Finance minister Arun Jaitley will meet the empowered committee of state finance ministers to discuss the contours of the Goods and Services Tax Bill (GST) at a two-day meeting in Kolkata starting Tuesday. The recent addition to the ruling alliance’s strength in the Upper House and the indications that a clutch of non-NDA parties like Trinamool Congress, CPI(M) and NCP could support the tax reform have brightened the chances of GST Constutional Amendment Bill getting passed by the Rajya Sabha in the monsoon session.

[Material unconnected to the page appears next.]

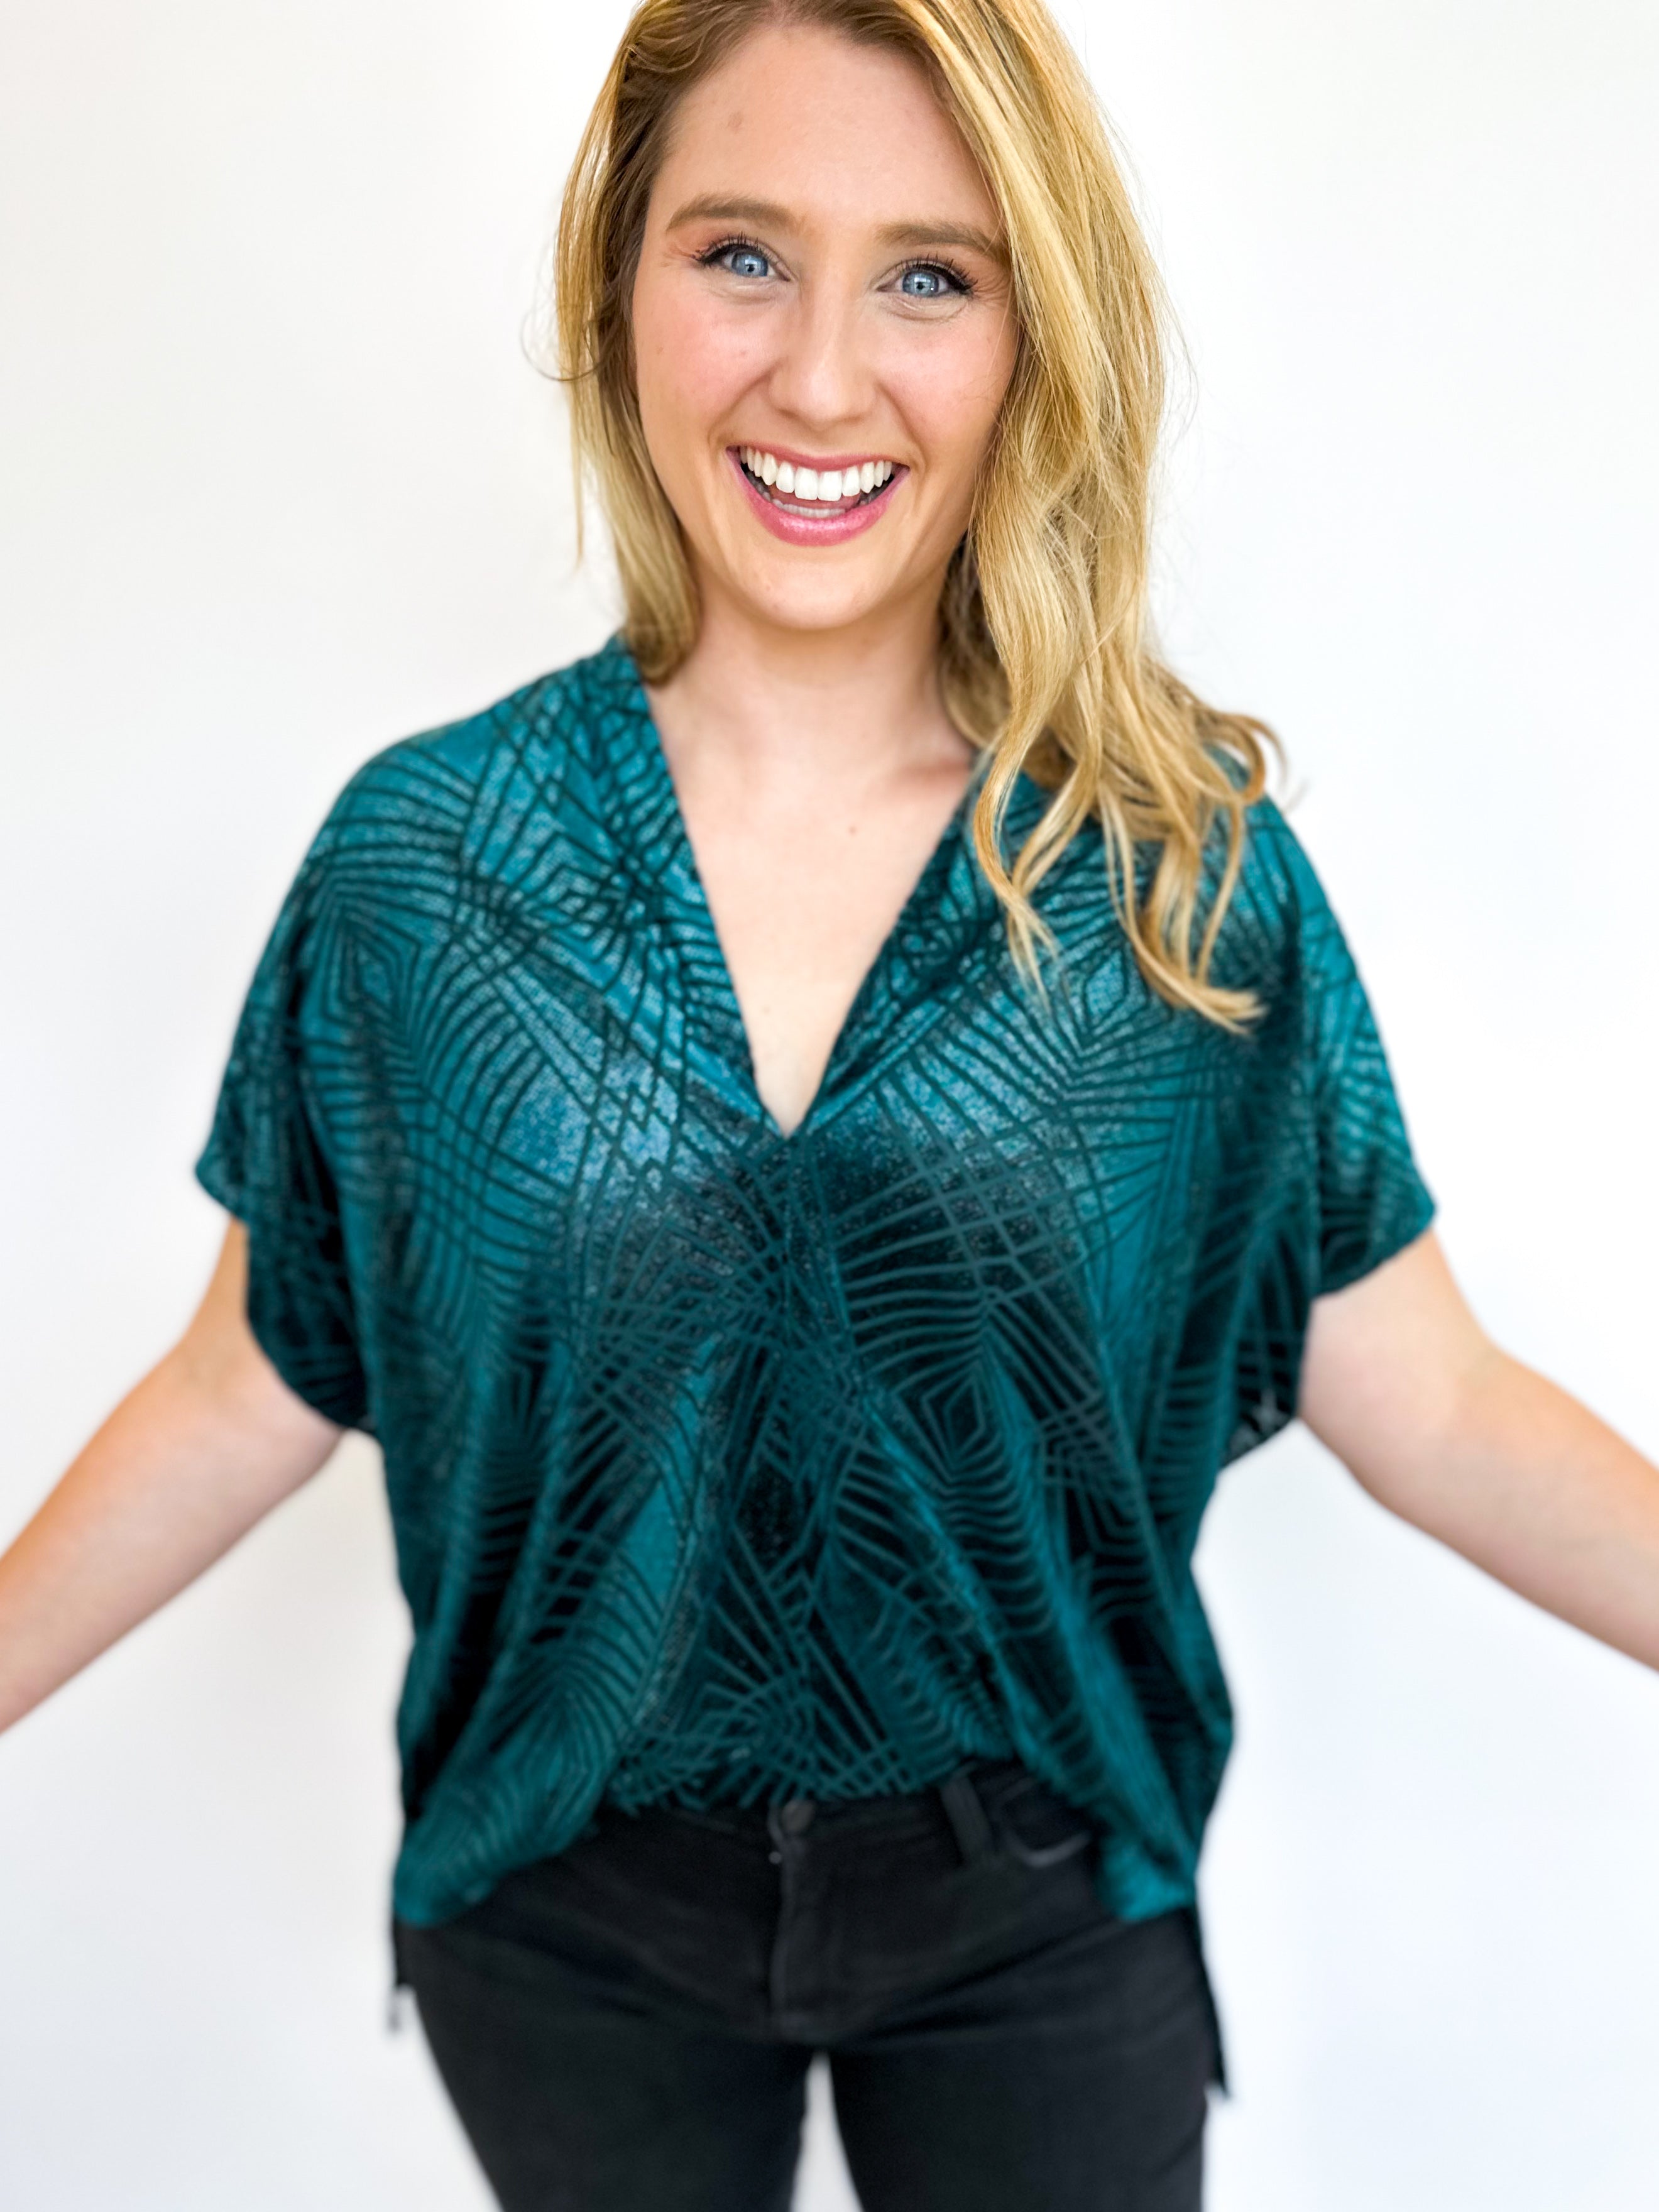 Winter Teal Velvet Blouse-200 Fashion Blouses-ADRIENNE-July & June Women's Fashion Boutique Located in San Antonio, Texas

Minister of state for finance Jayant Sinha was quoted as saying on Monday that the new indirect tax regime through GST would be rolled out from April 1, 2017. “If we can pass it in the monsoon session (of Parliament beginning next month), we can implement it in April 1, 2017,” Sinha told a news agency.
Currently, the empowered committee is headed by West Bengal finance minister Amit Mitra, which is likely to talk out issues, including exemptions list and levy of tax over tobacco products.
The Narendra Modi government is targeting to reach a political consensus over the proposed GST, so that it could clear the floors of Parliament in the upcoming session next month.
“Our expectation is that we will get support from many parties. We would like it to be passed with a national consensus, so we would like all parties to approve it. In the Lok Sabha when the Constitution amendment was passed, it was passed unanimously. So, we would like it to be passed in the Rajya Sabha unanimously as well,” Sinha told the news agency.
According to reports, the GST Bill, which is expected to be one of the biggest tax reforms in recent times, has also been discussed at the recently held the BJP national executive meet in Allahabad.
The Congress has been stubborn in demanding some crucial changes in the GST Constitutional Amendment Bill, including mentioning the GST rate in the Constitution. The government has indicated that it is willing to drop a plan to introduce a 1% tax on inter-state transactions. The tax was mulled in view of the fact that GST would help consuming states more than maufacturing states.